(DATA RECORDS Opens)
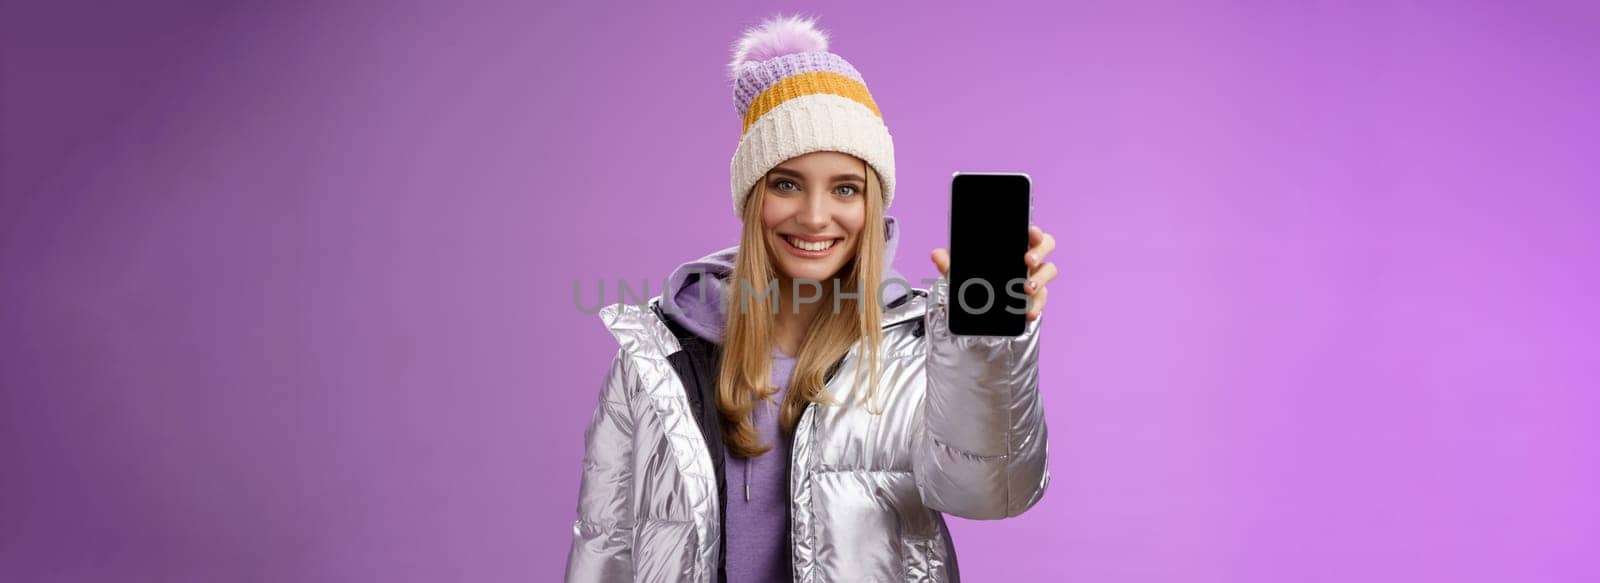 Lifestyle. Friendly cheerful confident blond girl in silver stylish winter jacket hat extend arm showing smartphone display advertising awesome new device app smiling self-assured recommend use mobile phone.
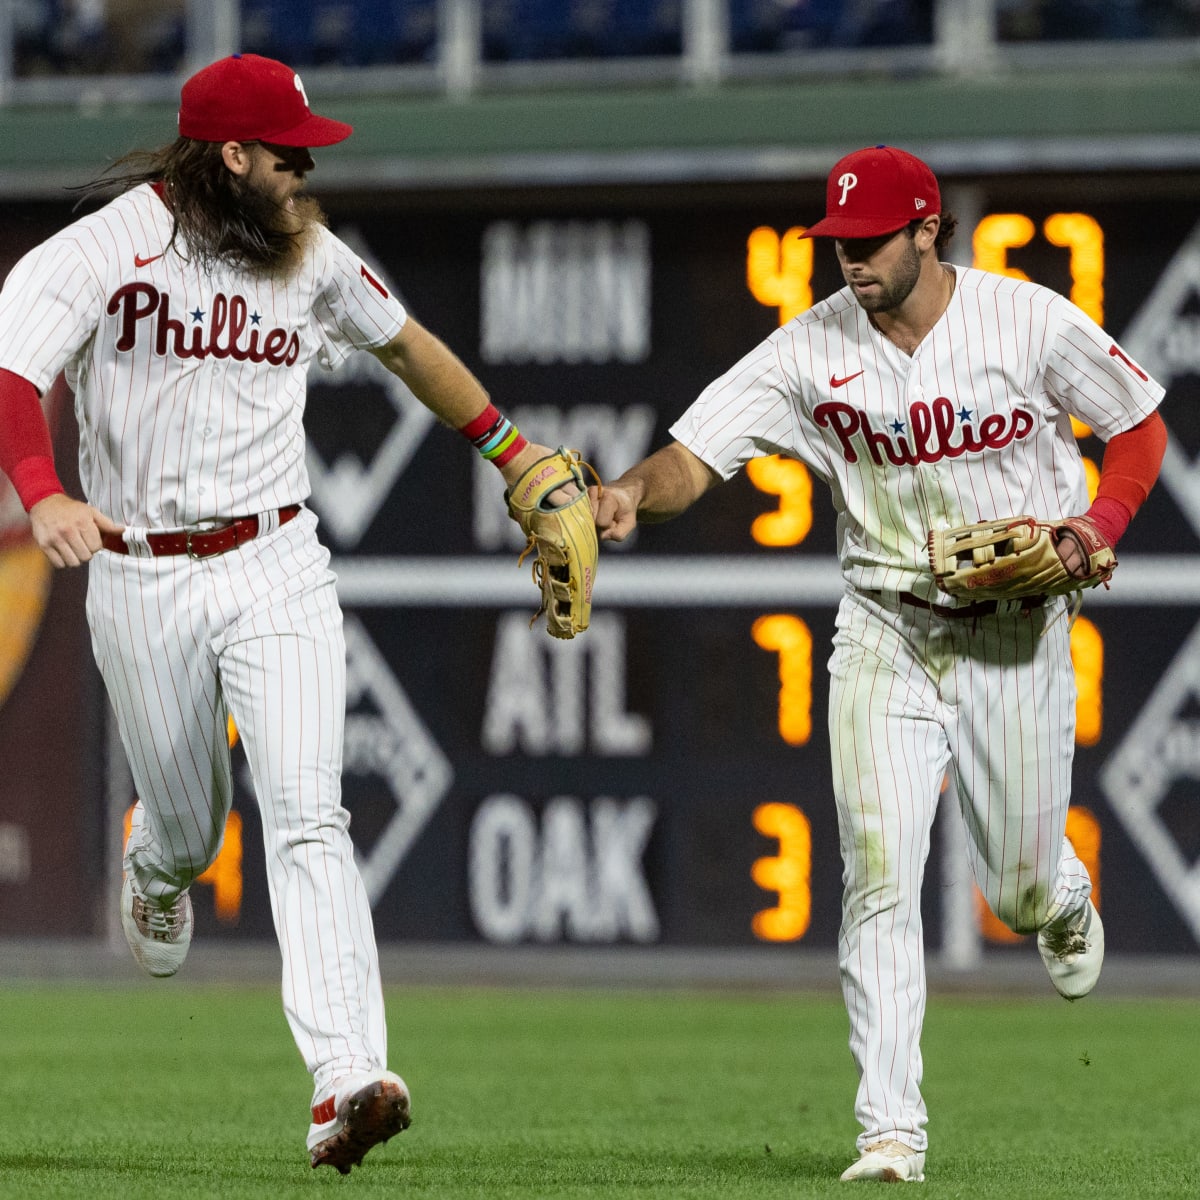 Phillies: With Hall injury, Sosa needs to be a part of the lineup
(DATA RECORDS Closes)
(DATA RECORDS Opens)
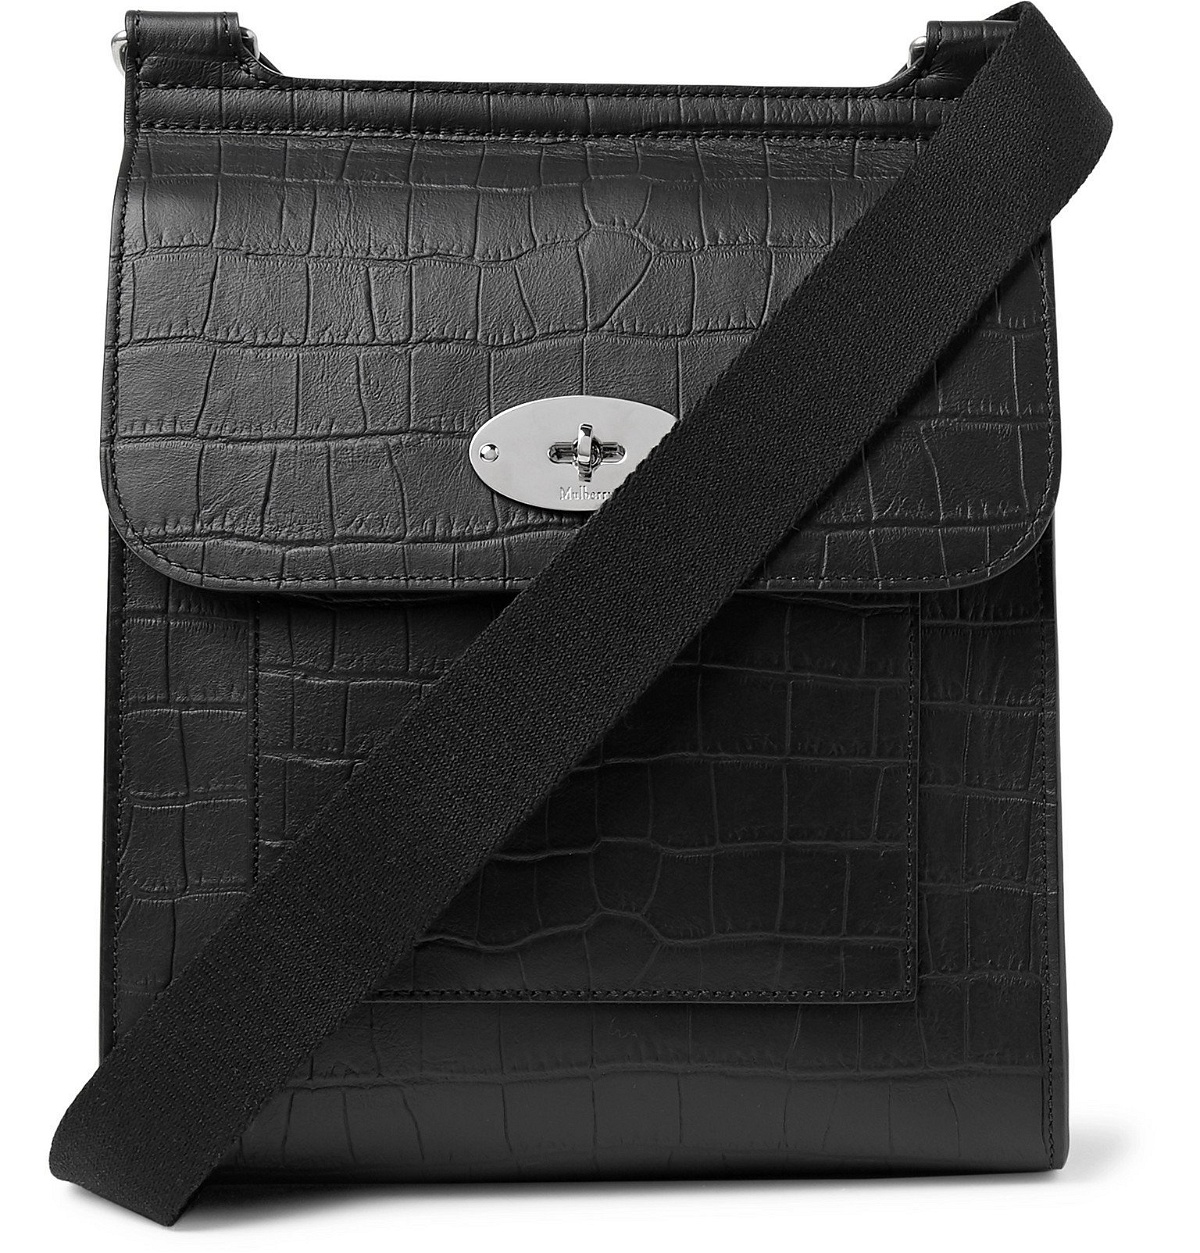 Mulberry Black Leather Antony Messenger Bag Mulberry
(DATA RECORDS Closes)
(DATA RECORDS Opens)
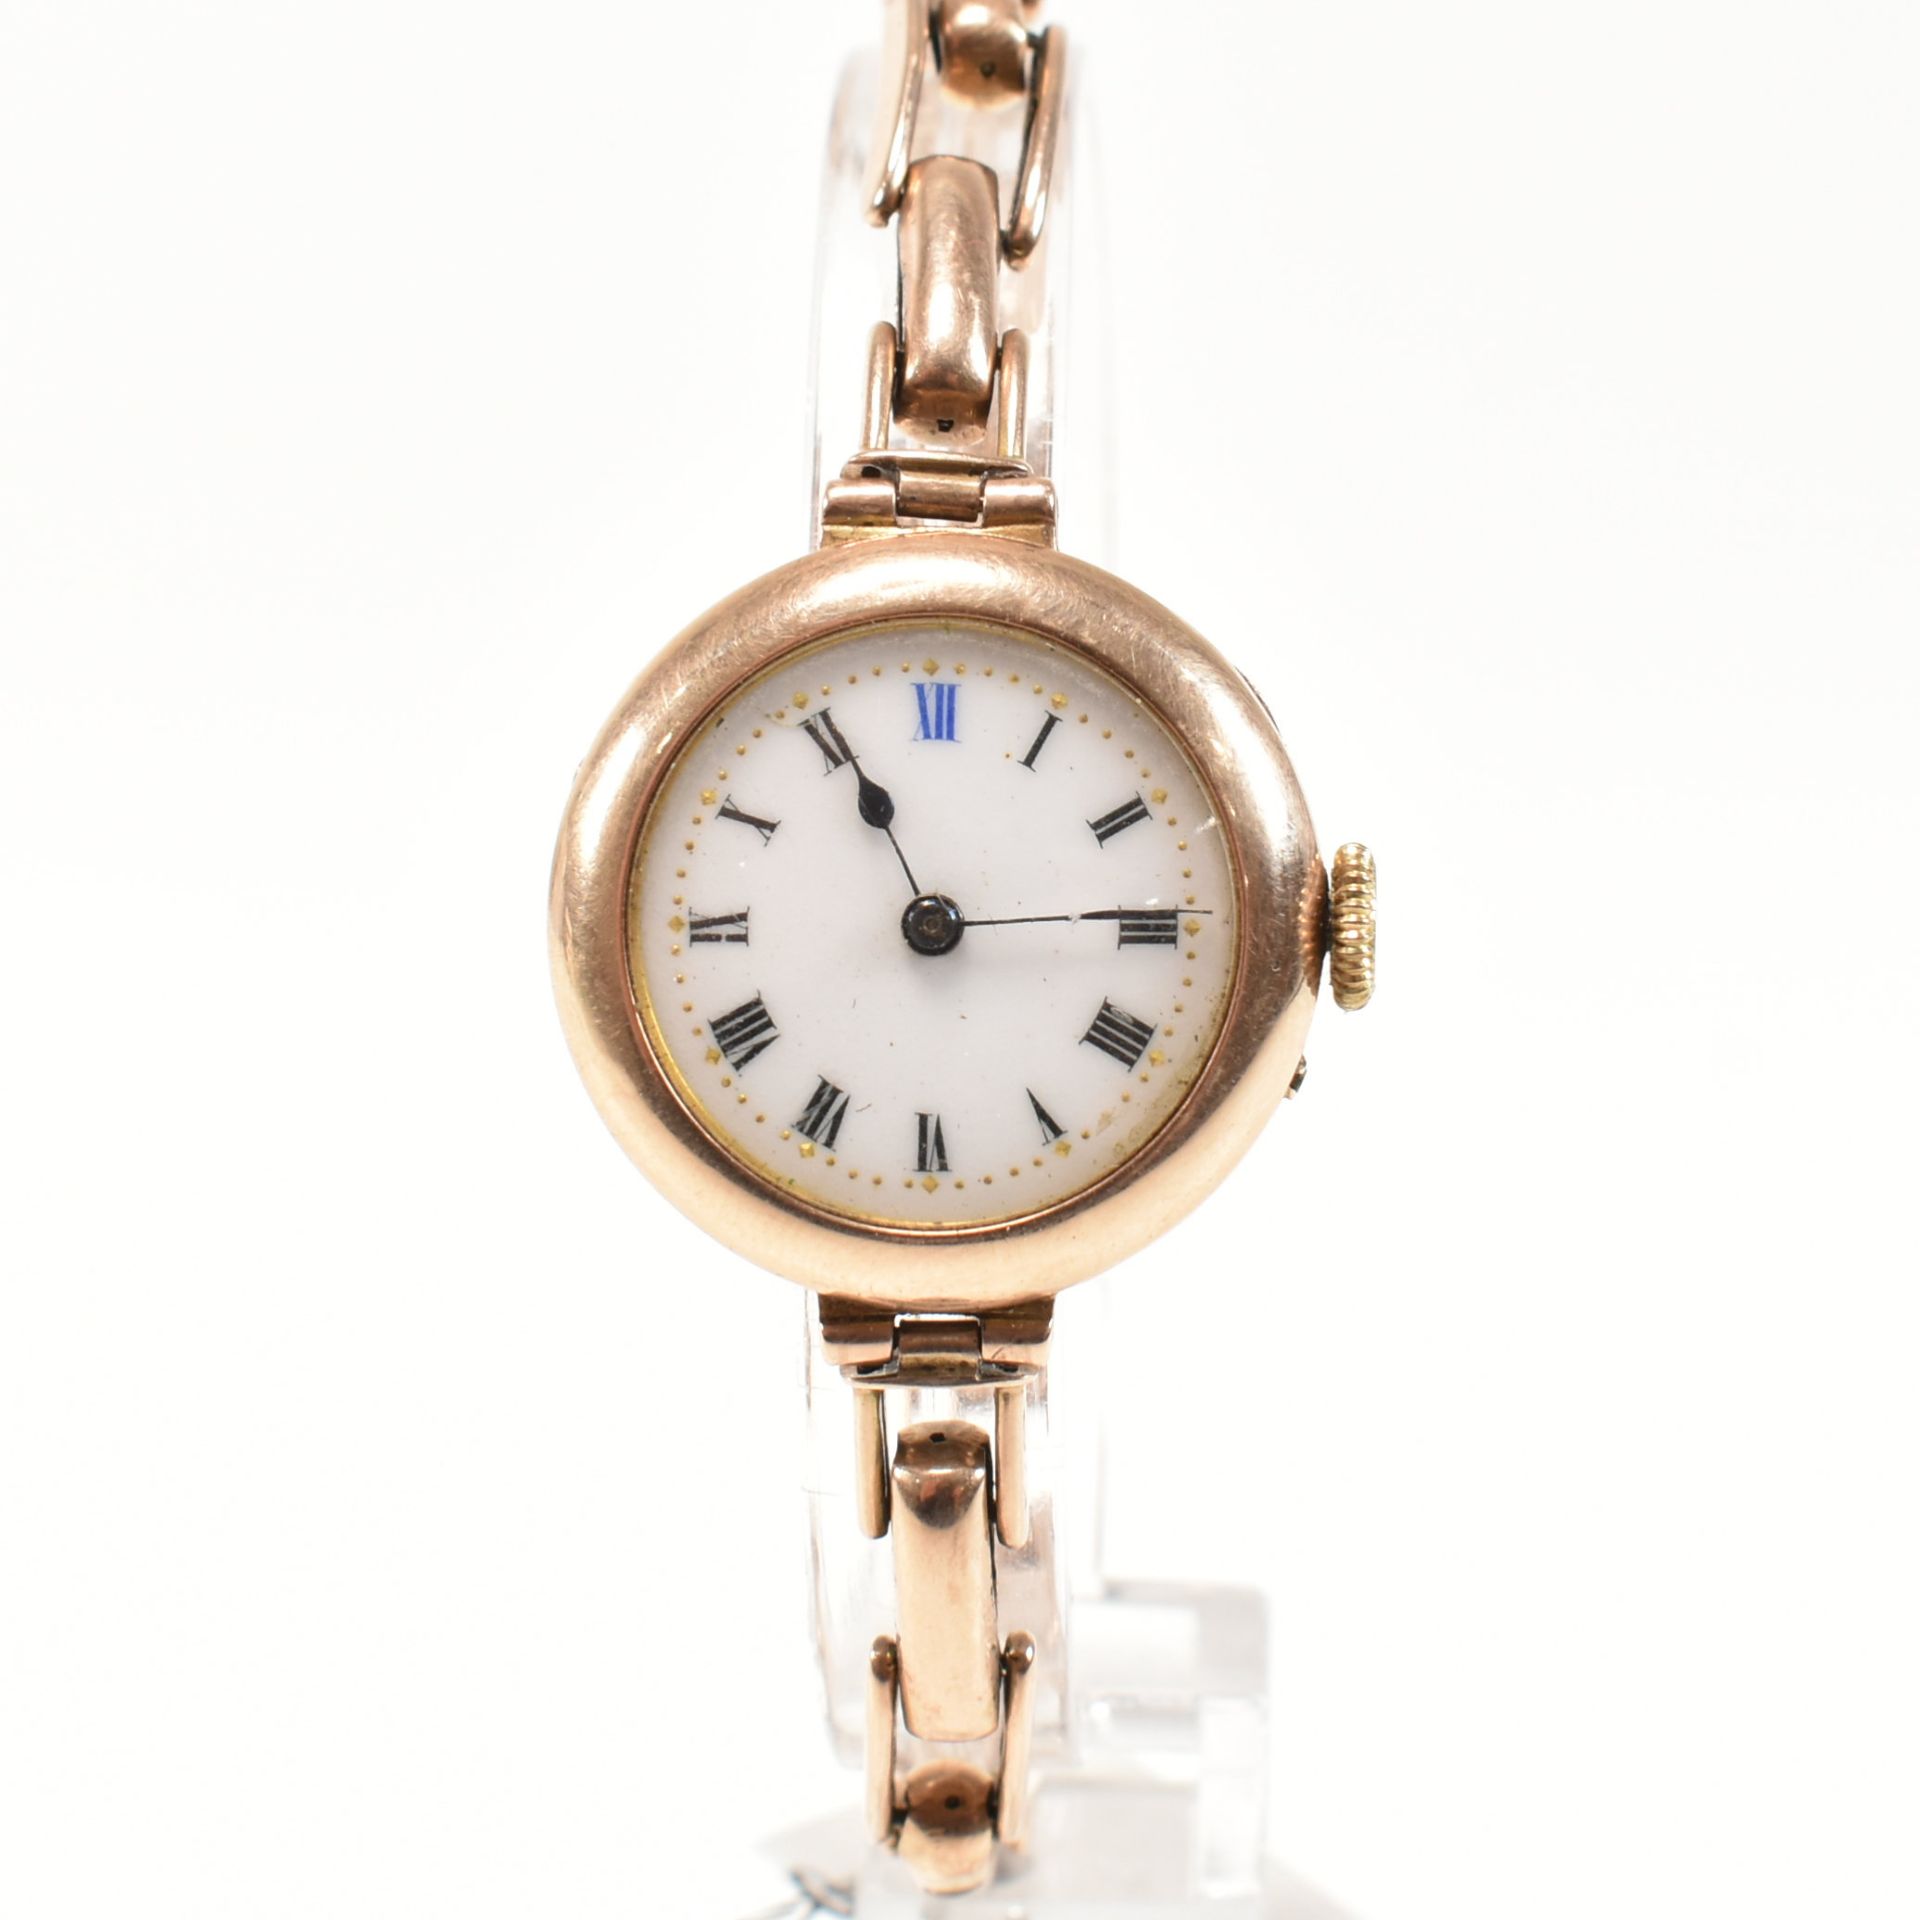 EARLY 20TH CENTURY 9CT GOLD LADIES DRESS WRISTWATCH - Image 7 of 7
(DATA RECORDS Closes)
* EXERCISE INSTRUCTIONS *
From the line containing "Lifestyle. Friendly cheerful" through the line containing "Phillies: With Hall", copy every line above exactly, without pictures.

* SOLUTION FOR THIS TASK *
 Lifestyle. Friendly cheerful confident blond girl in silver stylish winter jacket hat extend arm showing smartphone display advertising awesome new device app smiling self-assured recommend use mobile phone.
 Phillies: With Hall injury, Sosa needs to be a part of the lineup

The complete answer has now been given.